COLLECTED DATA:
== == ==
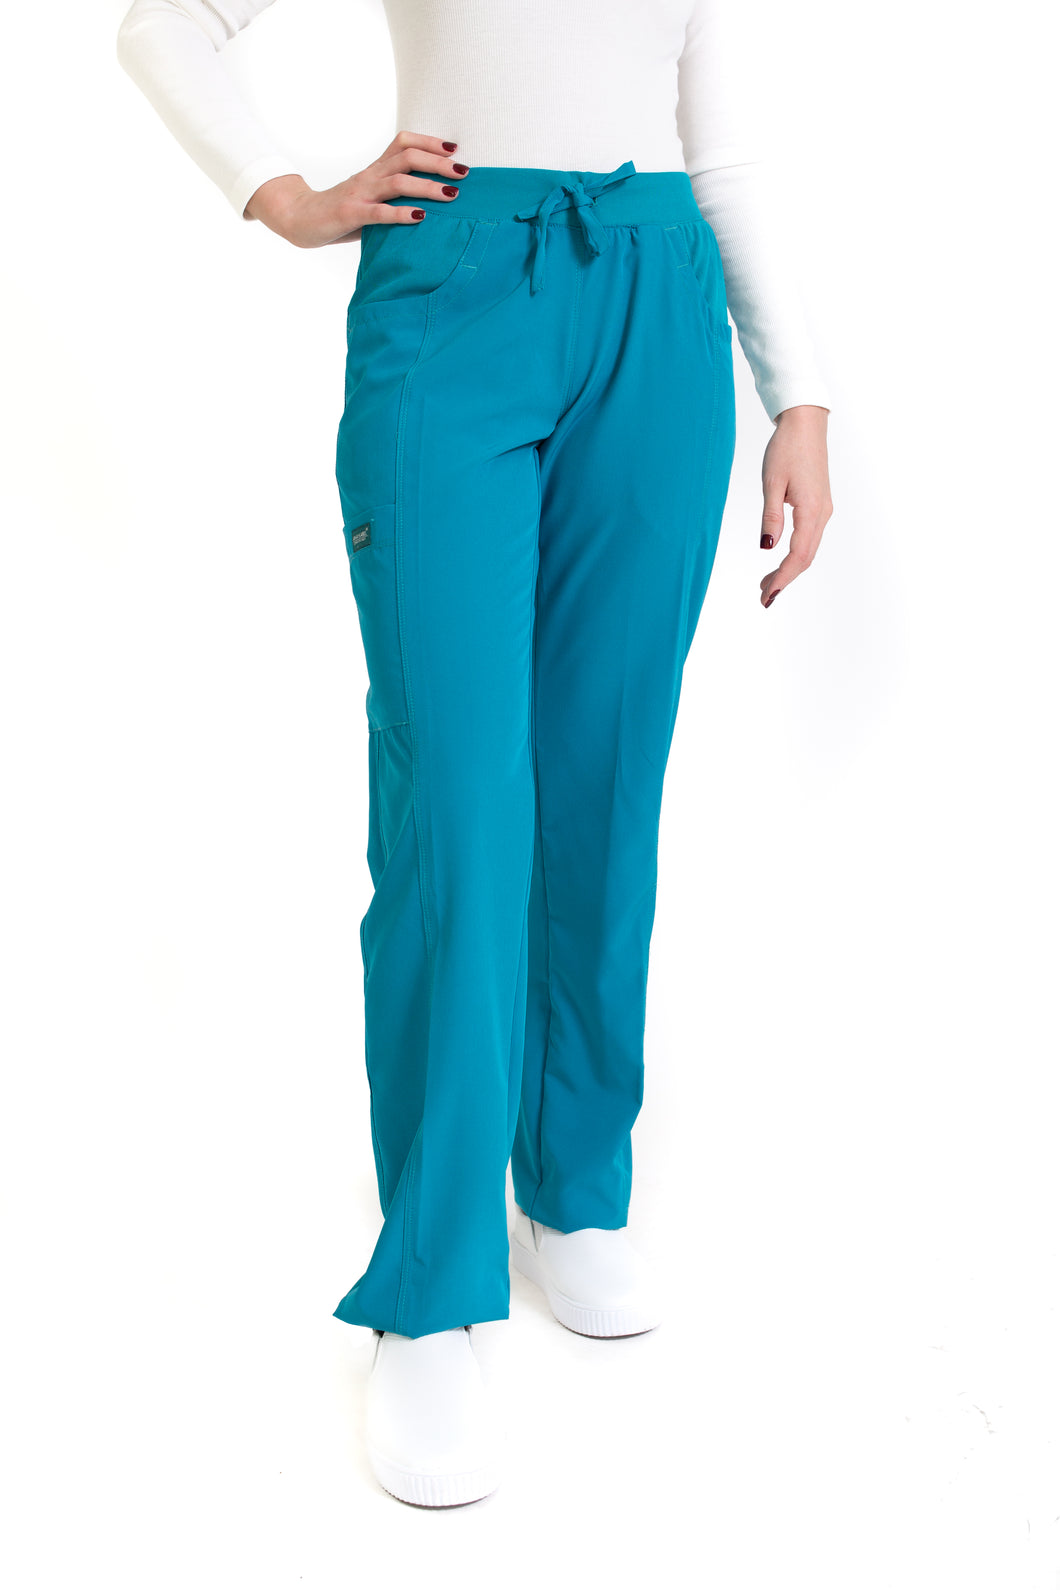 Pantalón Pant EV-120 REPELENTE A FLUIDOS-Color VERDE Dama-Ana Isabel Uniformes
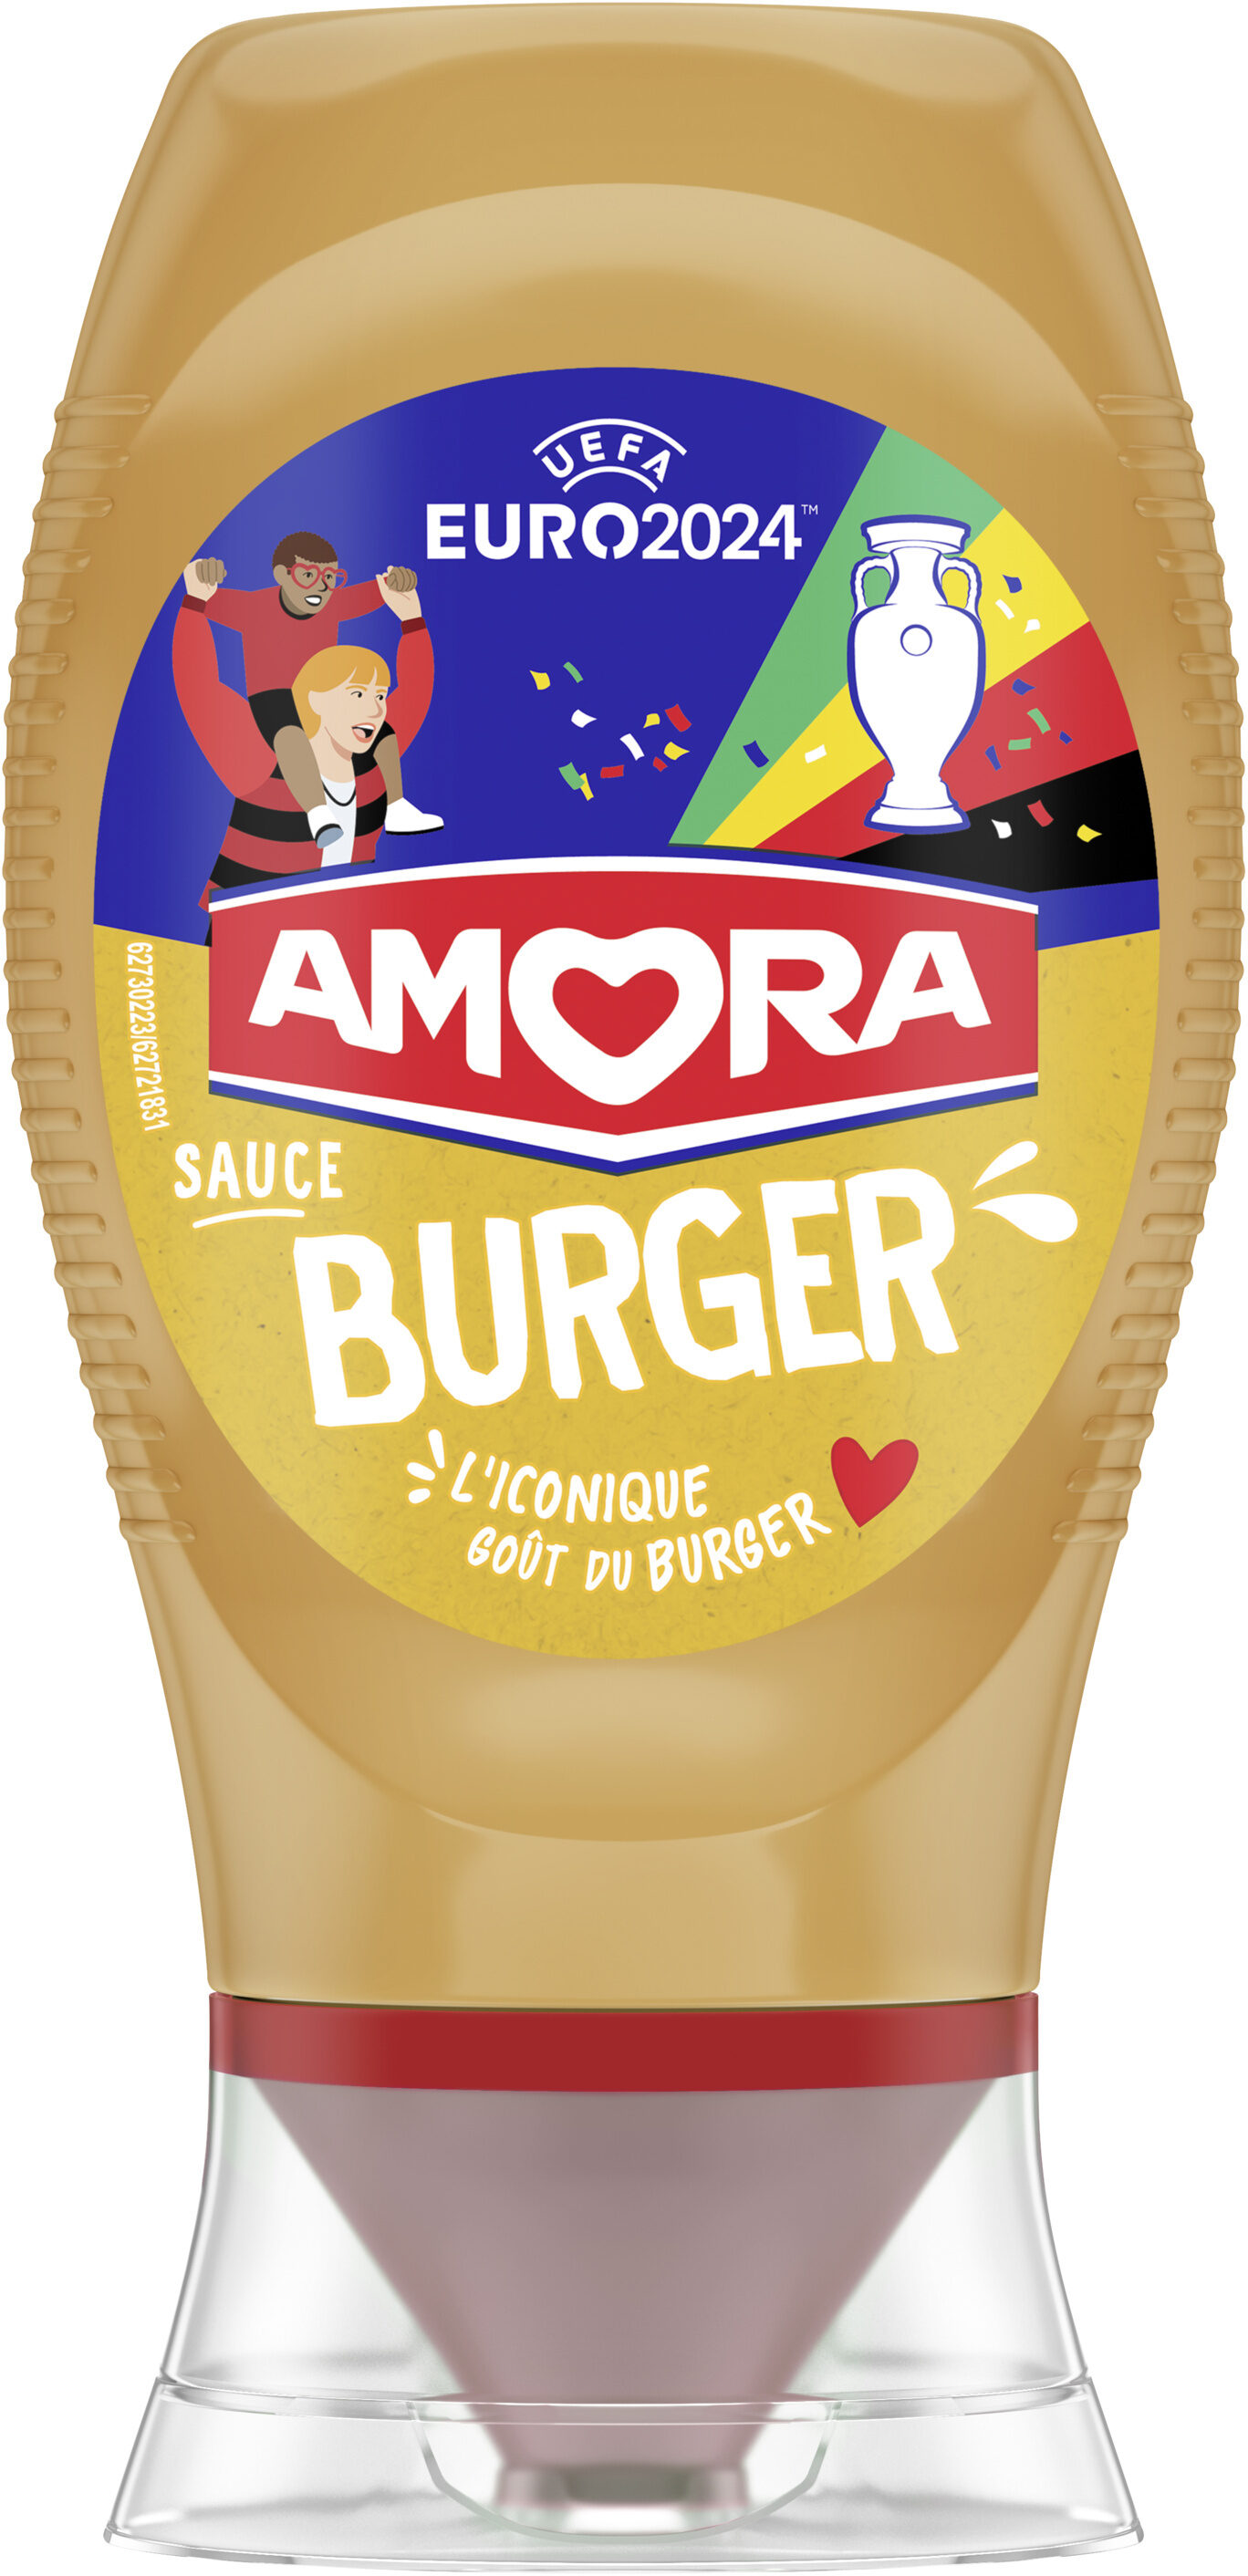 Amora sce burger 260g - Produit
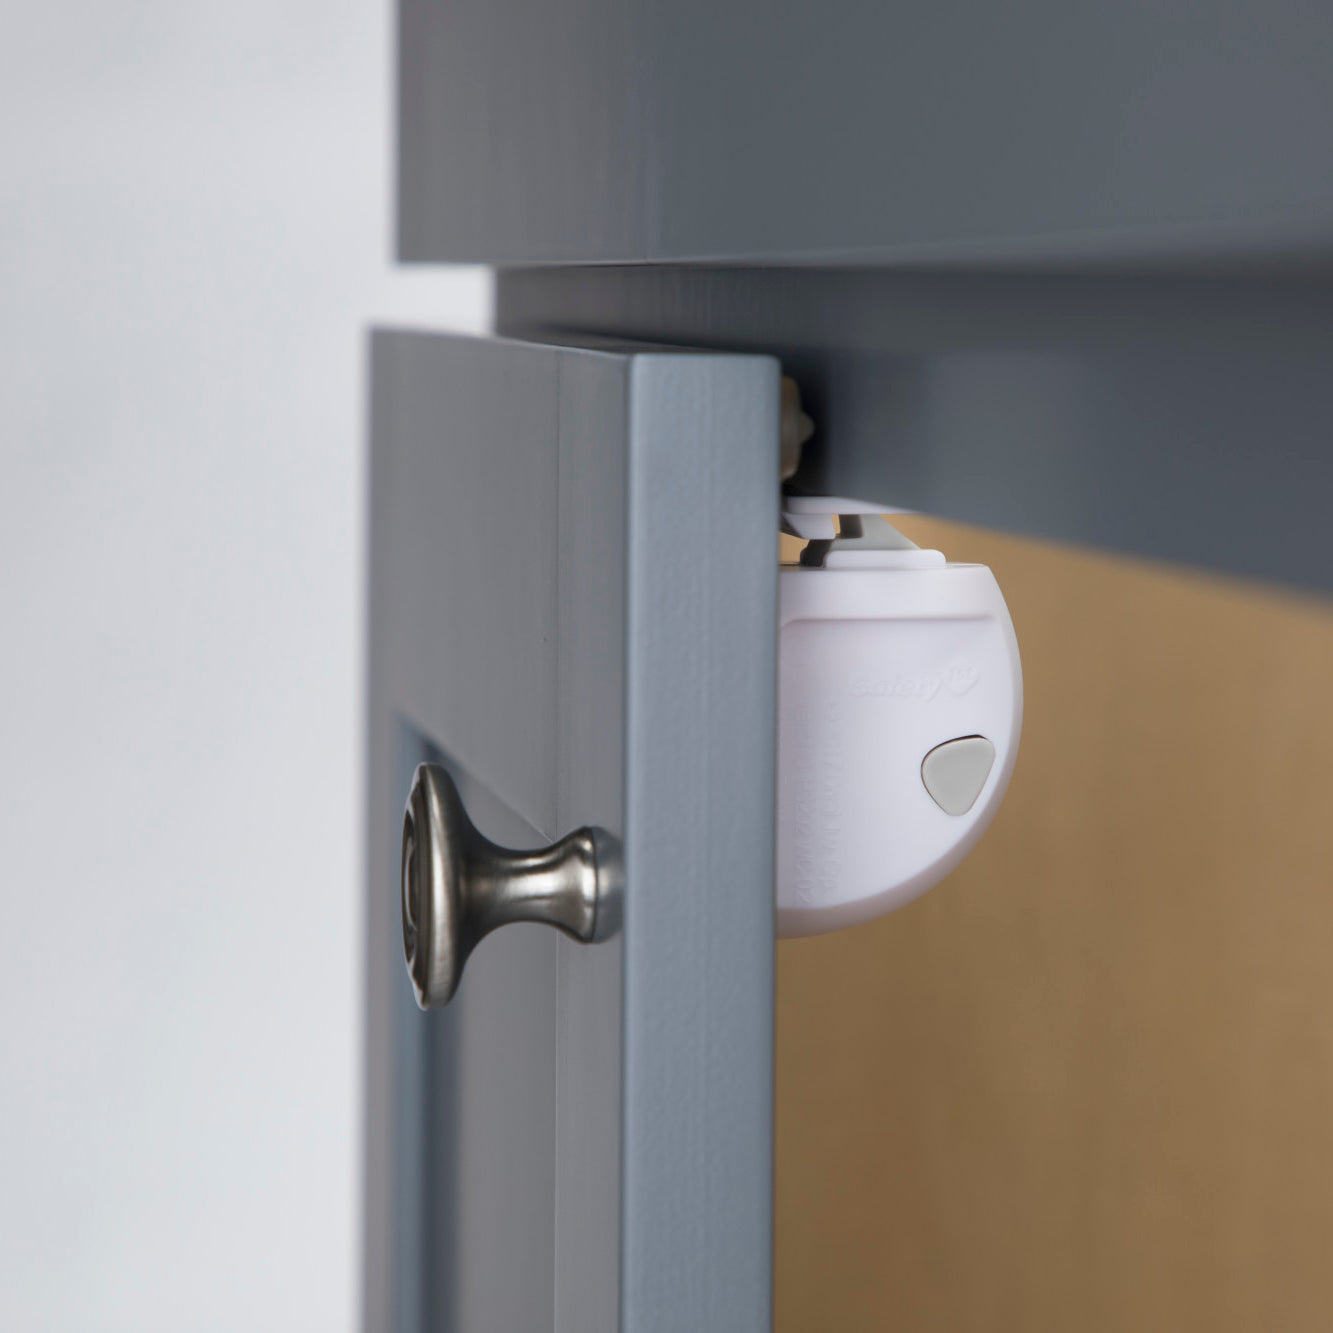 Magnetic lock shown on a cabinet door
== == ==
ACTIVITY: All of the data is to be transcribed exactly, with images omitted.

SOLUTION TO THIS EXERCISE:
 Pantalón Pant EV-120 REPELENTE A FLUIDOS-Color VERDE Dama-Ana Isabel Uniformes
 Amora sce burger 260g - Produit
 Magnetic lock shown on a cabinet door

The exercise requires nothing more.